*** Opening of Extracted data ***

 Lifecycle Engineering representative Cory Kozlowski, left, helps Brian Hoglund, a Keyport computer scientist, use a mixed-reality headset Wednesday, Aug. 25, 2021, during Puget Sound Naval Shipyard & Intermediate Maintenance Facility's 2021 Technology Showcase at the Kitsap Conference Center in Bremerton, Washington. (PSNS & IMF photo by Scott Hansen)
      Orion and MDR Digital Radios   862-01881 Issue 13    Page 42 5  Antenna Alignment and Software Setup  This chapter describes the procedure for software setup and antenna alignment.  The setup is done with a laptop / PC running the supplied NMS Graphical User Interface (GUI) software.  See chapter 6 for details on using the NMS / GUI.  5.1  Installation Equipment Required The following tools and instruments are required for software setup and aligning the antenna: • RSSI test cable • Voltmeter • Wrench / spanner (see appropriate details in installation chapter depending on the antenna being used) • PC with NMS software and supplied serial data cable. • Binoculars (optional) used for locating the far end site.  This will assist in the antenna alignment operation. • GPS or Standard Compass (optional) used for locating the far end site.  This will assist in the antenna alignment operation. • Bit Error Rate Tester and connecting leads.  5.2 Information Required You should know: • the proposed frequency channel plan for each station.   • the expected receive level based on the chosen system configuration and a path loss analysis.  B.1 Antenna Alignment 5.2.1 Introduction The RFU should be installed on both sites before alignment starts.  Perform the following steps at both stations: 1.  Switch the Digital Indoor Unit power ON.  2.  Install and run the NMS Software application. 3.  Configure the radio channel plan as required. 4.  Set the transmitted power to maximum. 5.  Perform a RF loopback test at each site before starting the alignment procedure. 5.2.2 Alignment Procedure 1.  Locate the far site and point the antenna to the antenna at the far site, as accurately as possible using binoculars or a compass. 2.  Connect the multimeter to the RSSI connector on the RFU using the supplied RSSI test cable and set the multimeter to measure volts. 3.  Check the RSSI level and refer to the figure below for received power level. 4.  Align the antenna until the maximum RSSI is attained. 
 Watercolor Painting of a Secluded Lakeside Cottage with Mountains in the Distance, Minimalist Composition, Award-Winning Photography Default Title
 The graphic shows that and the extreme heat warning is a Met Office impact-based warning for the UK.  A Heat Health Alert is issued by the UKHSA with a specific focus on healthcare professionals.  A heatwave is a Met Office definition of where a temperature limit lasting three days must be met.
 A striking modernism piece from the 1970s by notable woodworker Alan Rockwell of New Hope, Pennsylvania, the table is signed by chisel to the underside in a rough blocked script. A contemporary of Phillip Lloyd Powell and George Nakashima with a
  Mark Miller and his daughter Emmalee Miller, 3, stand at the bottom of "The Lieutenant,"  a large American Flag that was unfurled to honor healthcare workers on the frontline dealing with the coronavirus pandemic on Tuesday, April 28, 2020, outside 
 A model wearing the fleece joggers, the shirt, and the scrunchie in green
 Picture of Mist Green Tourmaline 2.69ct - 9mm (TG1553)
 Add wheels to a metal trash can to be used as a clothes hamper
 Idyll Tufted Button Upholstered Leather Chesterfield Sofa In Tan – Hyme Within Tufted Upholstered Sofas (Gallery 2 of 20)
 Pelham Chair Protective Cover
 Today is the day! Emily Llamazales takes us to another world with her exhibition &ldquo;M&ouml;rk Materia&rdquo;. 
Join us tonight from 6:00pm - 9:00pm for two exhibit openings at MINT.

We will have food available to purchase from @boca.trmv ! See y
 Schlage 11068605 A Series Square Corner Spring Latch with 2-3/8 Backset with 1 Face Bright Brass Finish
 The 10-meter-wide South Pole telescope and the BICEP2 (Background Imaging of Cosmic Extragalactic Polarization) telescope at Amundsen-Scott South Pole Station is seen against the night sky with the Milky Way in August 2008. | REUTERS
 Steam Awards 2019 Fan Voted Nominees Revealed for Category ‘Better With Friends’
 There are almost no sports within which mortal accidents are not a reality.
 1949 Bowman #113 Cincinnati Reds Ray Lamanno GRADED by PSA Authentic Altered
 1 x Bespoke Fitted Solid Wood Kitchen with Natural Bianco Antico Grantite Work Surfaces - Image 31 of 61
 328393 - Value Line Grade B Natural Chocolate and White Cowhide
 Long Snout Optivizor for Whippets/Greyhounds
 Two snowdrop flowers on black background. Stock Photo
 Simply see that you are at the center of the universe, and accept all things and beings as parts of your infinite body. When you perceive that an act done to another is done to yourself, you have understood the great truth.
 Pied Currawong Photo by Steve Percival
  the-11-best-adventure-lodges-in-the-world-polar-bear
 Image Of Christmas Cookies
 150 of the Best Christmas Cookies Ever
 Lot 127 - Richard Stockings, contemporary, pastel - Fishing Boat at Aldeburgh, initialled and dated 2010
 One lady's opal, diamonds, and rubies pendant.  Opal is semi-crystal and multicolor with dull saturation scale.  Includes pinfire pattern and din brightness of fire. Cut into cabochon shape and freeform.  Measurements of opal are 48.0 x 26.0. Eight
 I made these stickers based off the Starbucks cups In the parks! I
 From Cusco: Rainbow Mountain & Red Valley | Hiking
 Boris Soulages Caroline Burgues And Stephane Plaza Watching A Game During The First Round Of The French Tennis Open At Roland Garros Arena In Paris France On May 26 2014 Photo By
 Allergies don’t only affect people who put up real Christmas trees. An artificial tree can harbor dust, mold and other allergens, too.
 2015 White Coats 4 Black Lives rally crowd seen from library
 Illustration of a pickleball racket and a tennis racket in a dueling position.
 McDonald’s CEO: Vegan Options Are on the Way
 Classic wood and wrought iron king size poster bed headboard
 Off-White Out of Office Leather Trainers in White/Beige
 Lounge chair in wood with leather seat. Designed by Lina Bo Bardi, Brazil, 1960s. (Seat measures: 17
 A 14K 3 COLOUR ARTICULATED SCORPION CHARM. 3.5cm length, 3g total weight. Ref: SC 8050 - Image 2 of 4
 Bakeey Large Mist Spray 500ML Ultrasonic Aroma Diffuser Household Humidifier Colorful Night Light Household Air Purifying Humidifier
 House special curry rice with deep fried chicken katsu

*** Close of Extracted data ***

The lines to return run from the one containing "A 14K 3 COLOUR" through the last line of the records above. Give them exactly and include nothing more.

 A 14K 3 COLOUR ARTICULATED SCORPION CHARM. 3.5cm length, 3g total weight. Ref: SC 8050 - Image 2 of 4
 Bakeey Large Mist Spray 500ML Ultrasonic Aroma Diffuser Household Humidifier Colorful Night Light Household Air Purifying Humidifier
 House special curry rice with deep fried chicken katsu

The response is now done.